What you will do: After locating the line with "Ermanno Scervino Gray" in the entries below, output it and each following line up to and including the line with "Jakarlı Açık Mavi Ceket", exactly and without pictures.

Data records:
********************
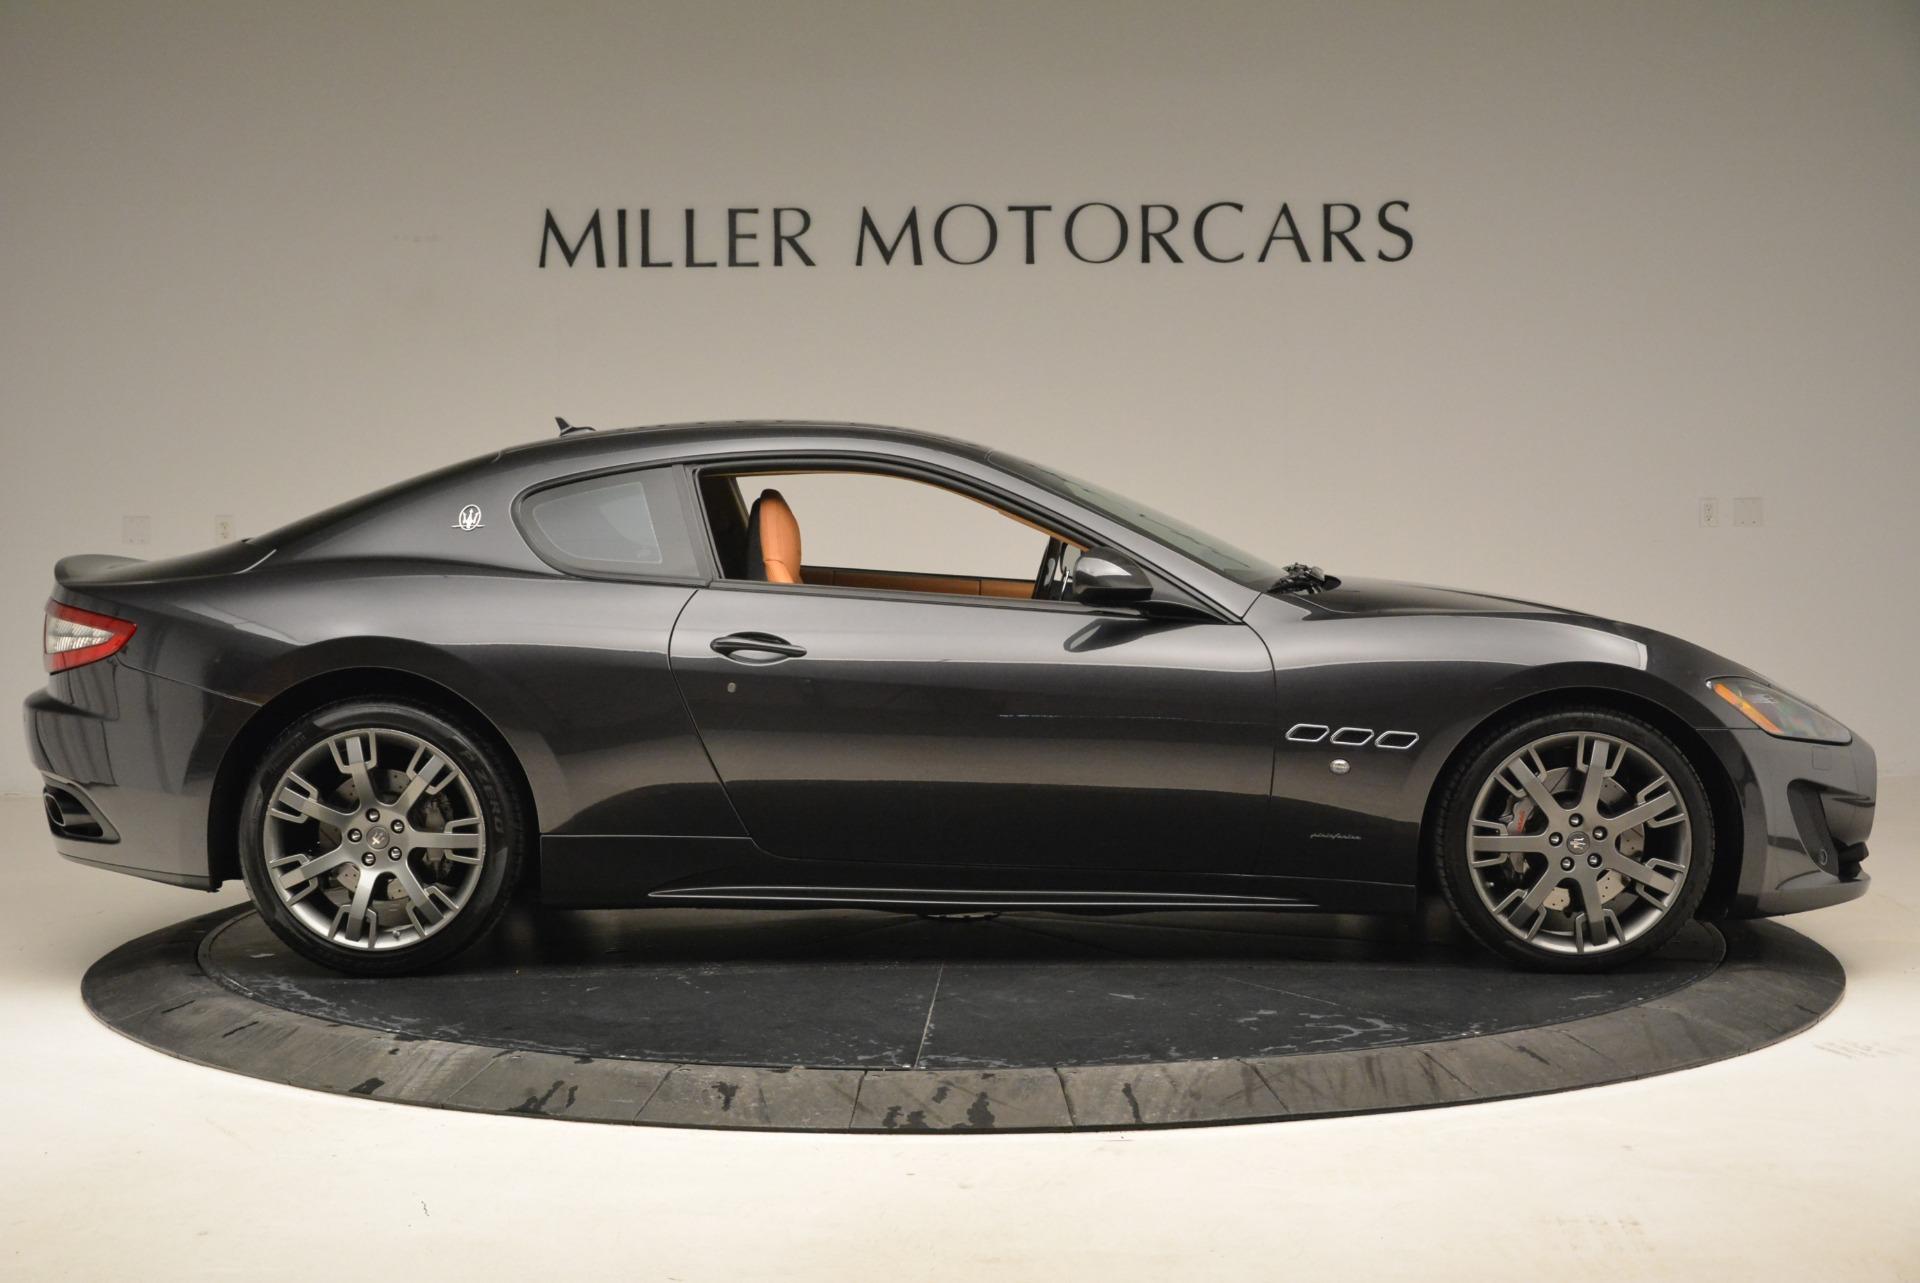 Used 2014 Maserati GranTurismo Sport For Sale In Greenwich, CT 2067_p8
********************
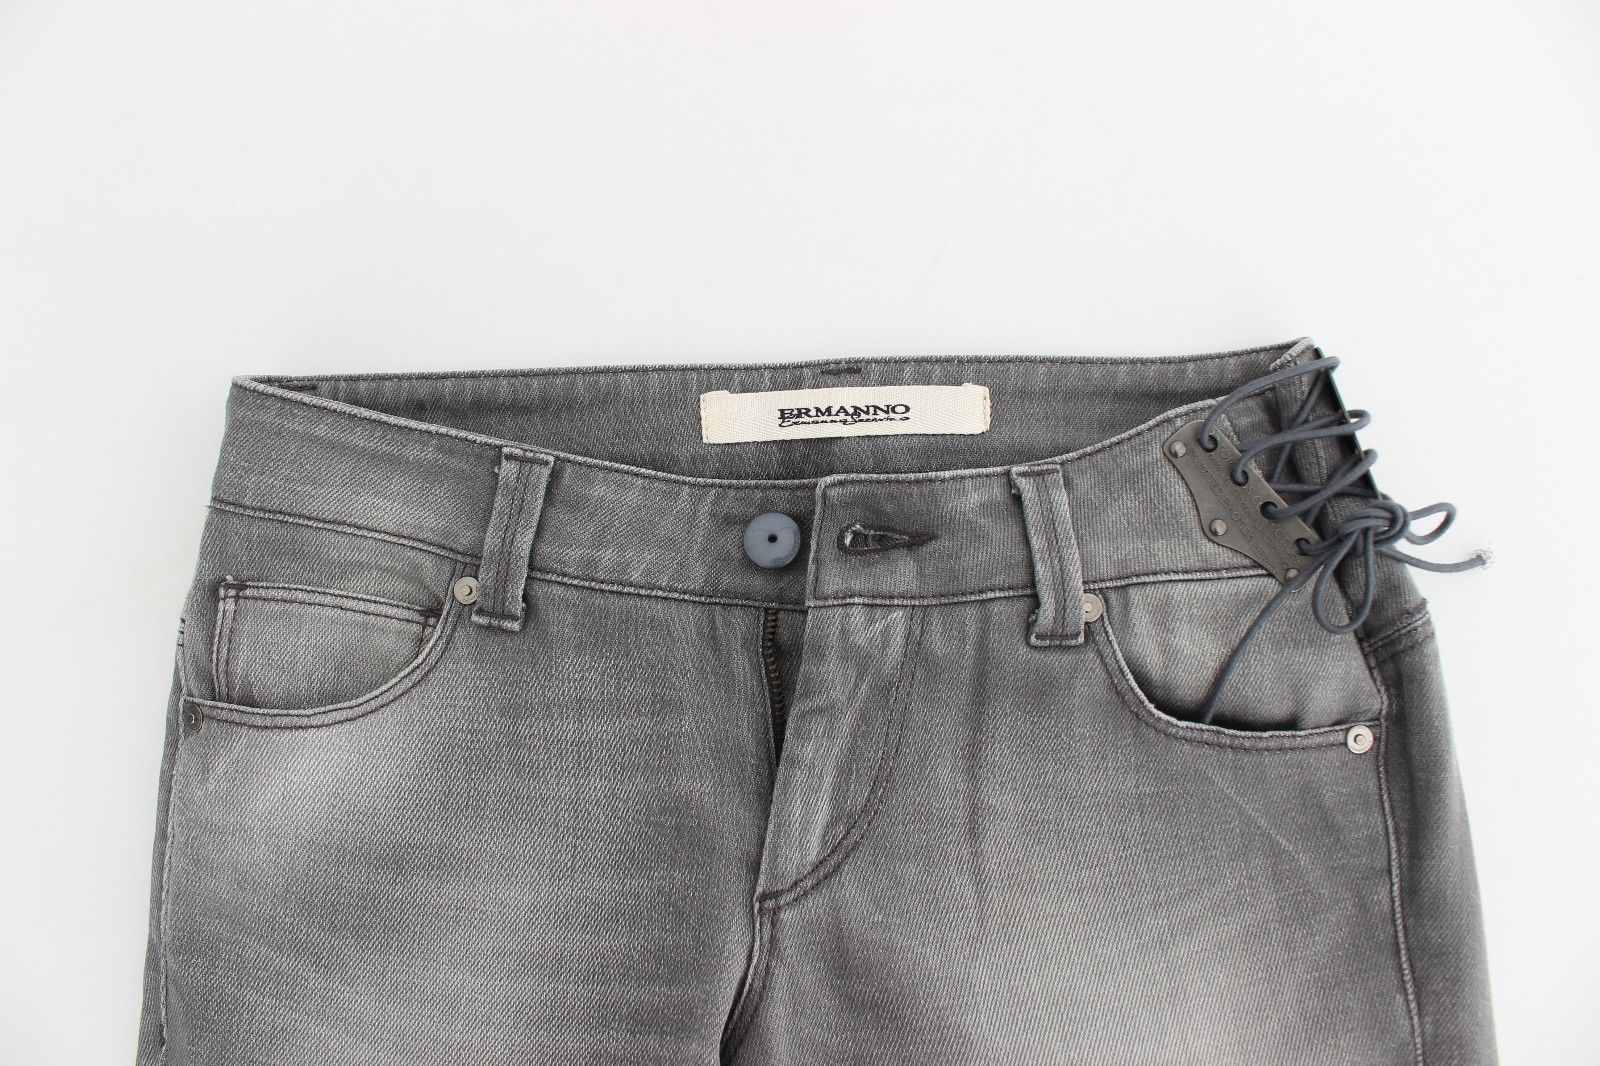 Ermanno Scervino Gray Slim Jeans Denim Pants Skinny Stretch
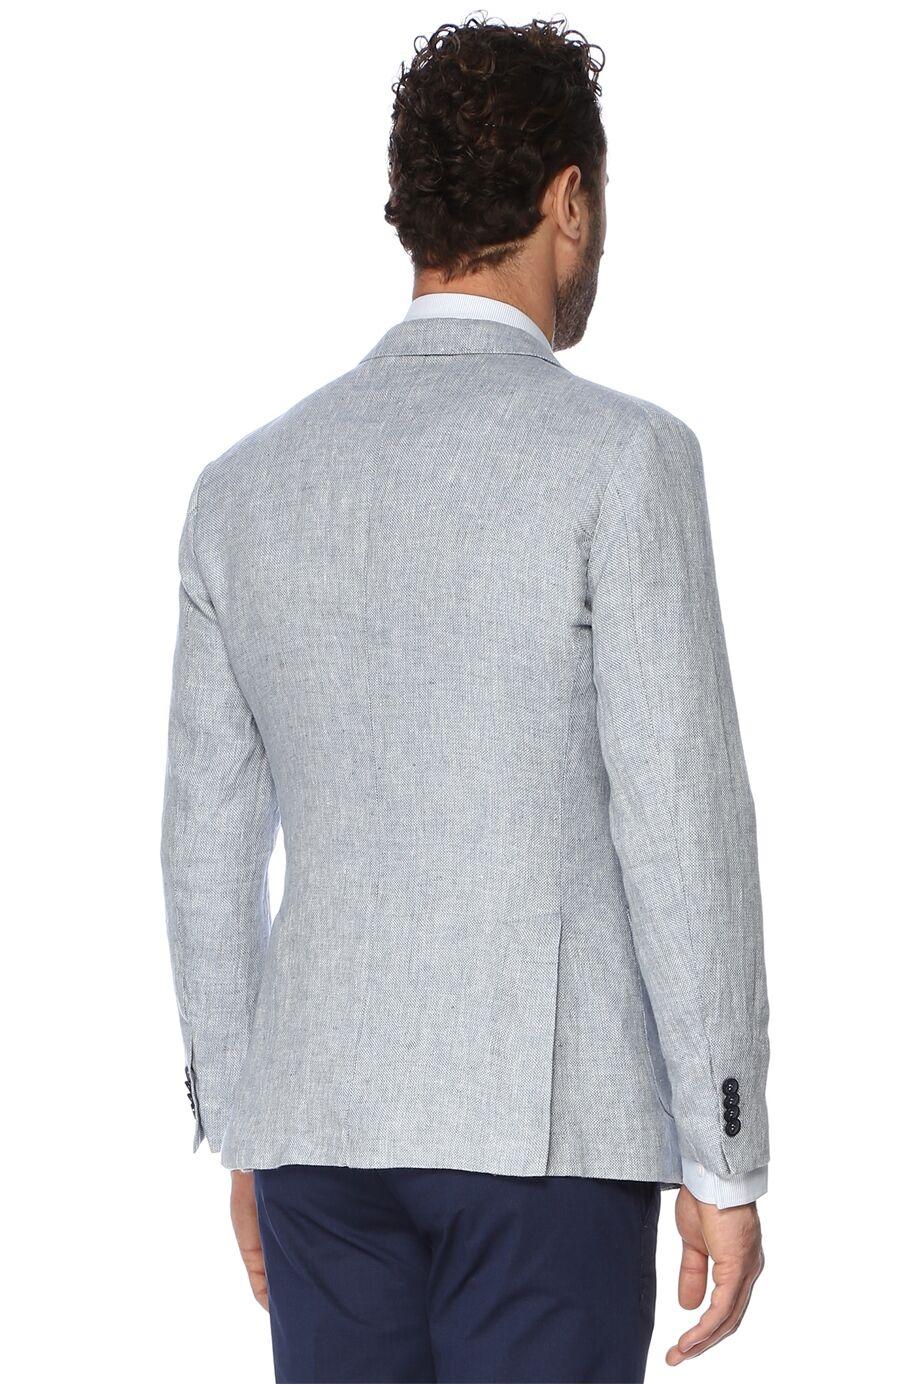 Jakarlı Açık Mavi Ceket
********************
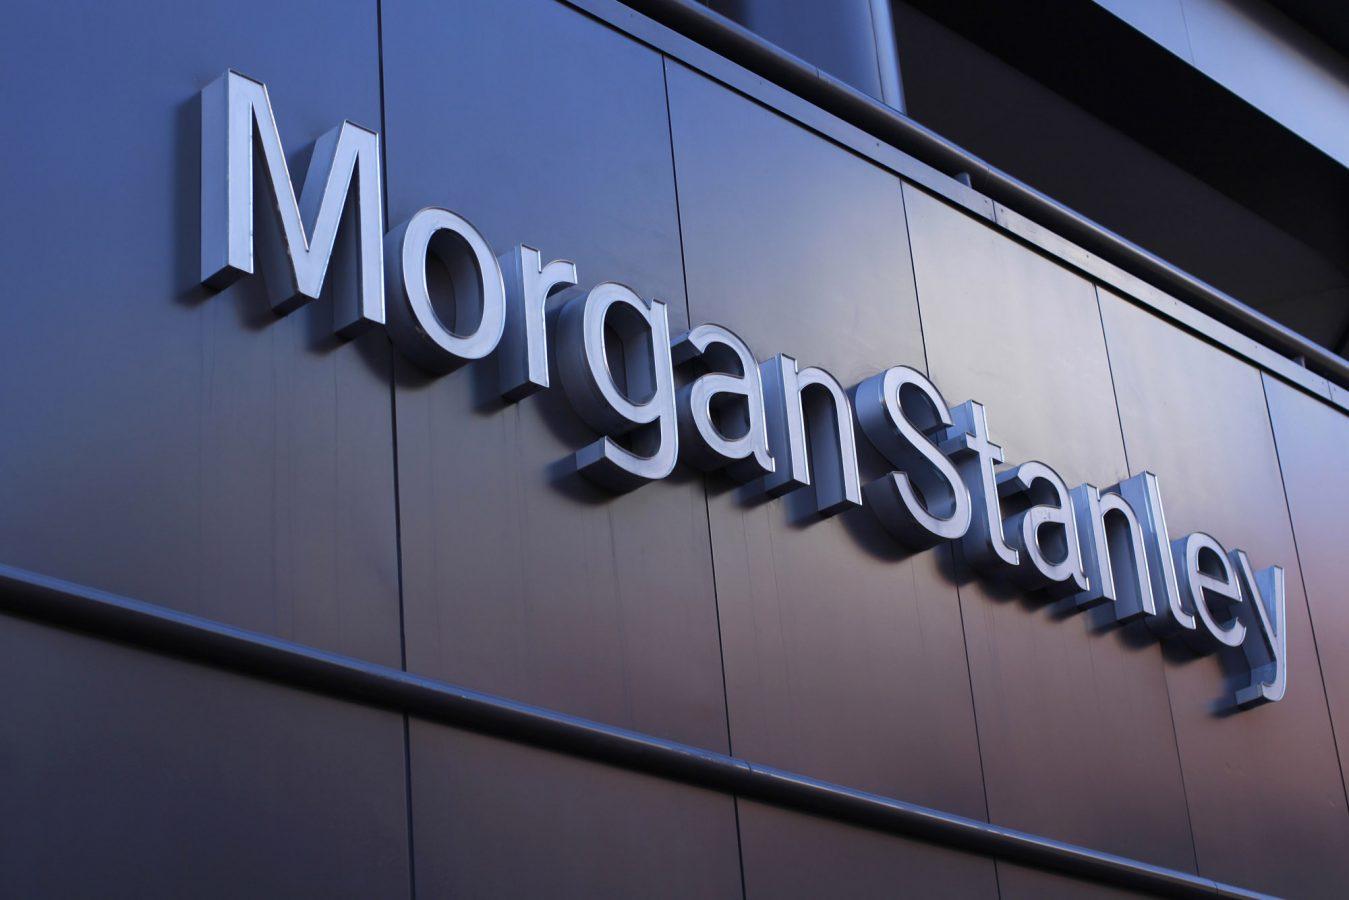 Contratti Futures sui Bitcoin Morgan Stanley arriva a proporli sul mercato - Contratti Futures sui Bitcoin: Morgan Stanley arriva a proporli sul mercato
********************
Exercise solution:
 Ermanno Scervino Gray Slim Jeans Denim Pants Skinny Stretch
 Jakarlı Açık Mavi Ceket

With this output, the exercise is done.